# Specialized Hardrock Sport Womens vs. Scott Contessa 50



## mkiv808 (Jun 16, 2006)

Looking for something inexpensive for the lady.

http://specialized.com/bc/SBCBkModel.jsp?spid=12279

http://www.scottusa.com/product.php?UID=7872

Similar price tags. Which of these would be best? Or maybe there is a third option that could be suggested (MSRP of $400 or lower).

I'm leaning towards the Specialized.


----------



## Cate (Jul 11, 2006)

*Not an expert..*

but the Hardrock Sport for Women (Large- I am 5'7 and long in the legs) is what my husband just bought me, and so far I like it. I think it's a good beginner bike. It does not have disc brakes, but does have the ability for a later upgrade, if we ever want to do that. DH didn't want to spend a fortune on a bike for me, in case I didn't get hooked.


----------



## sunnyracegirl (Apr 11, 2004)

Which bike is better?

The one that is more comfortable.

If at all possible, have her test ride both bikes. Usually one bike will, for any number of intangible reasons, feel better than the other. If this is not possible... well, I'd lean towards the Specialized too. Their women's line is better than just about any out there.

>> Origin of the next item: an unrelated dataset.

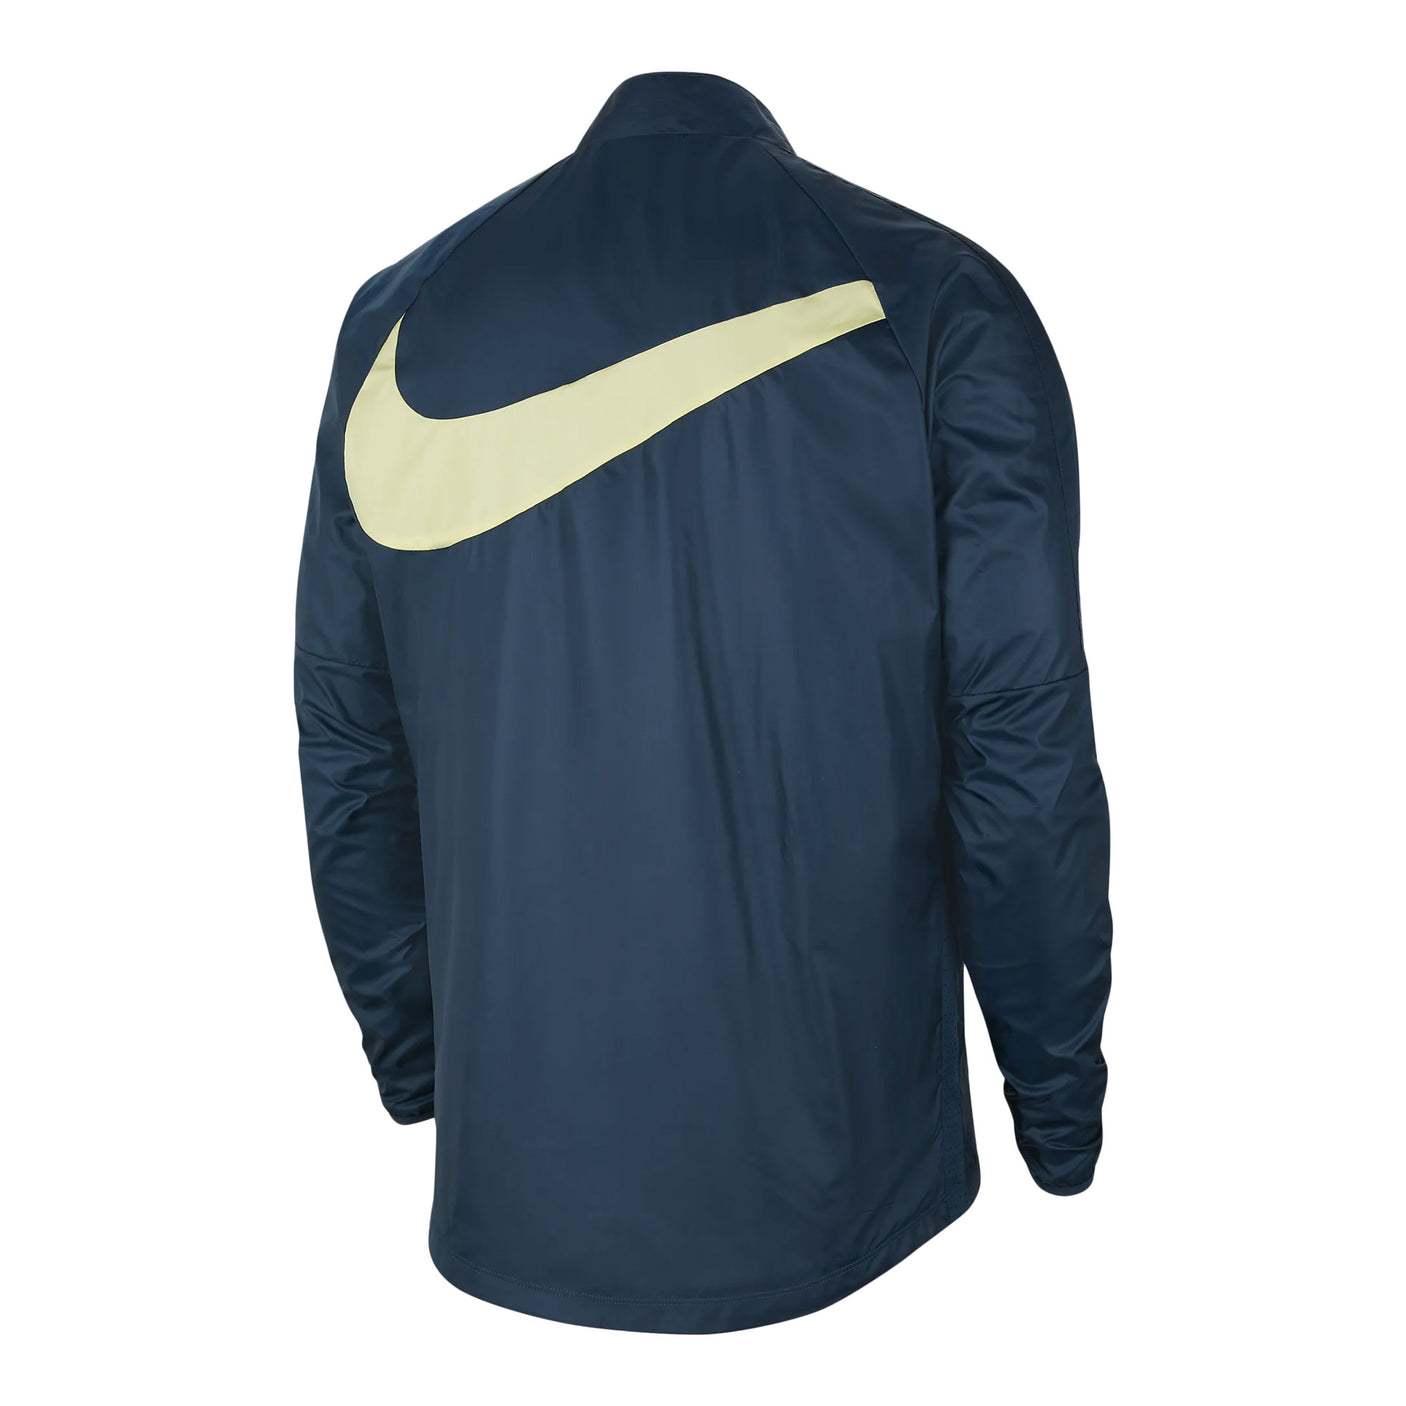 Nike Men's Club America Repel Academy AWF Jacket Armory Navy/Lemon Chiffon  - S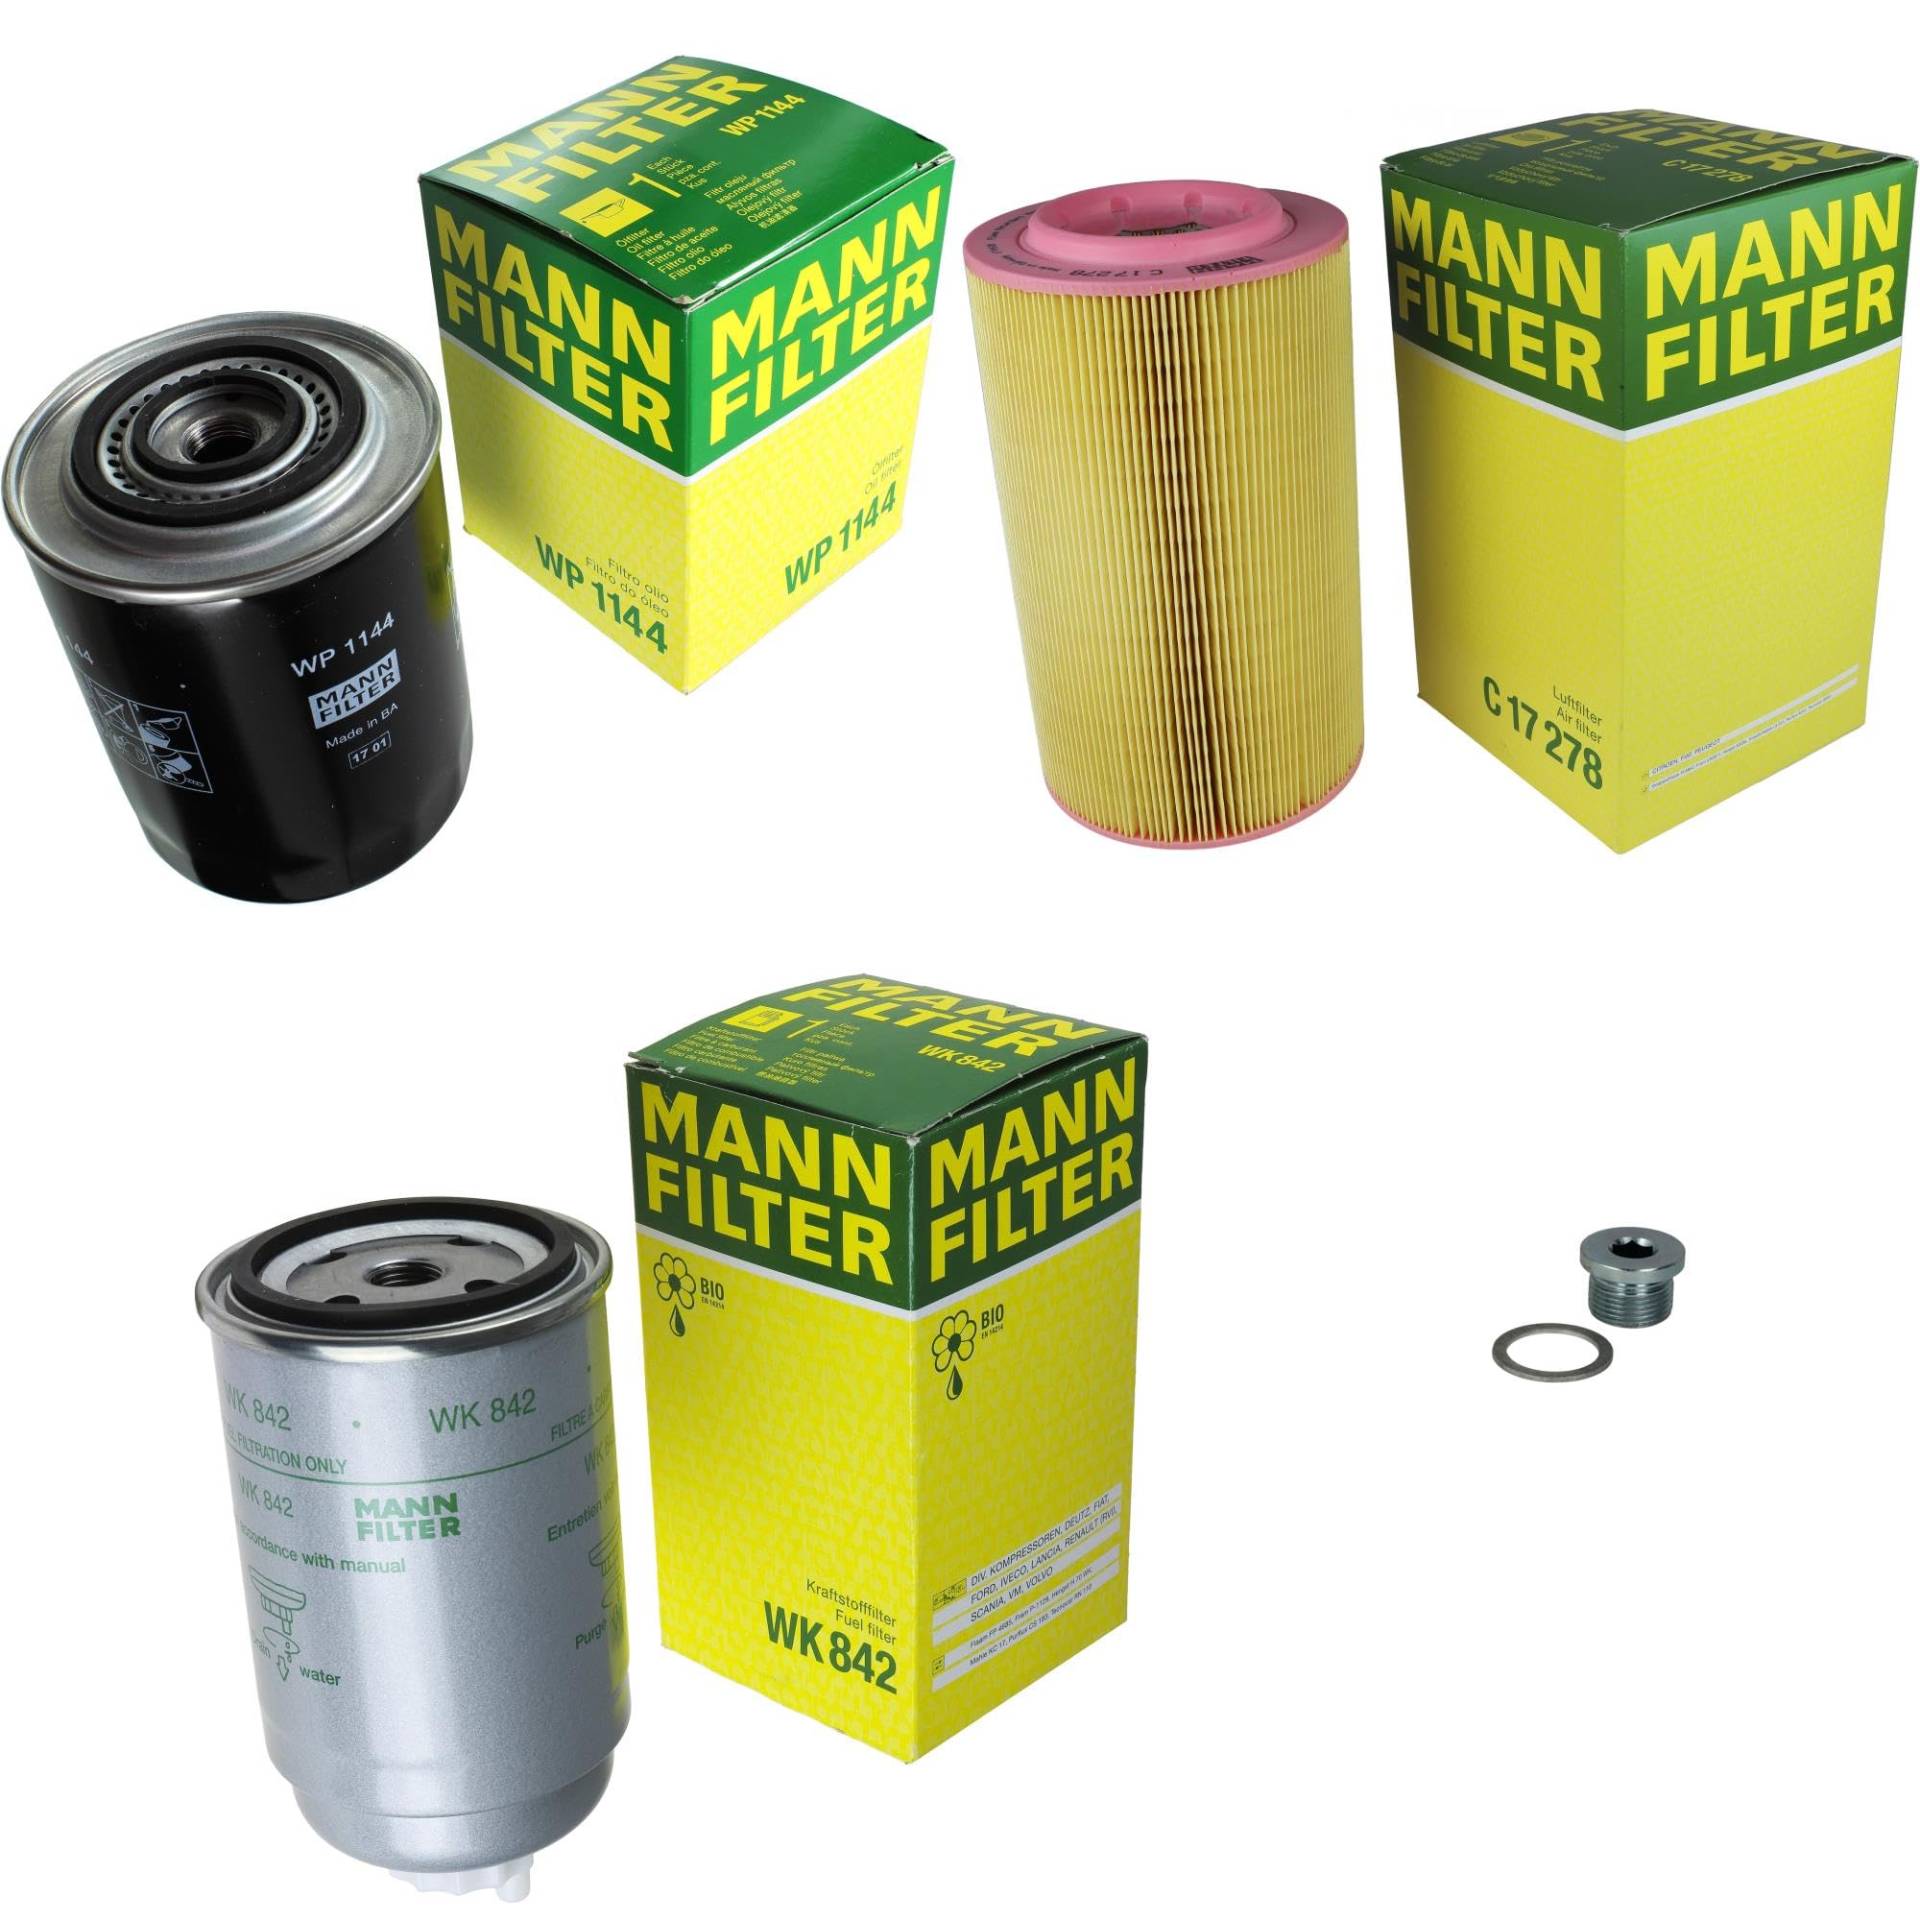 EISENFELS Filter Set Inspektionspaket erstellt mit MANN-FILTER Ölfilter WP 1144, Luftfilter C 17 278, Kraftstofffilter WK 842, Verschlussschraube von EISENFELS

Another thought: Specialized Rockhopper Womens. A little lighter than the Hardrock, and a great trail bike. 

Disc brakes are really great if you are doing any shallow stream crossings. Otherwise, unless you just want the responsiveness and greater stopping power, V-brakes are certainly sufficient. 

-sunny


----------



## *rt* (Jan 15, 2004)

mkiv808 said:


> Looking for something inexpensive for the lady.
> 
> http://specialized.com/bc/SBCBkModel.jsp?spid=12279
> 
> ...


the one that fits would be best.

as sunnyracergirl suggested, take her into the shop and let her ride a bunch of bikes to see which SHE likes best and which SHE thinks is the most comfortable. doesn't really matter what WE think since none of us is going to be riding that bike.

also, take a look at the FAQs at the top of the page. you might find some good info there.

rt


----------



## mkiv808 (Jun 16, 2006)

sunnyracegirl said:


> Which bike is better?
> 
> The one that is more comfortable.
> 
> ...


I think v-brakes would be more than sufficient... don't really see her doing any stream crossings... and mostly riding on dry days.

And you're right, the fit is the most important. I think the spec on the Specialized is a little better than the Scott, but Scott's do have killer frames too. Specialized does seem to have an edge in women's market though.

I will take her down to a few LBS's to have her fitted.


----------



## racerzero (Jan 4, 2004)

*Low End Bike*

Get her whatever fits best or which ever has the best color she likes.

On the other hand get the Hardrock if she wants a bike designed to be ridden at it's limits:

http://thevishfiles.com/thevishfiles.wmv


----------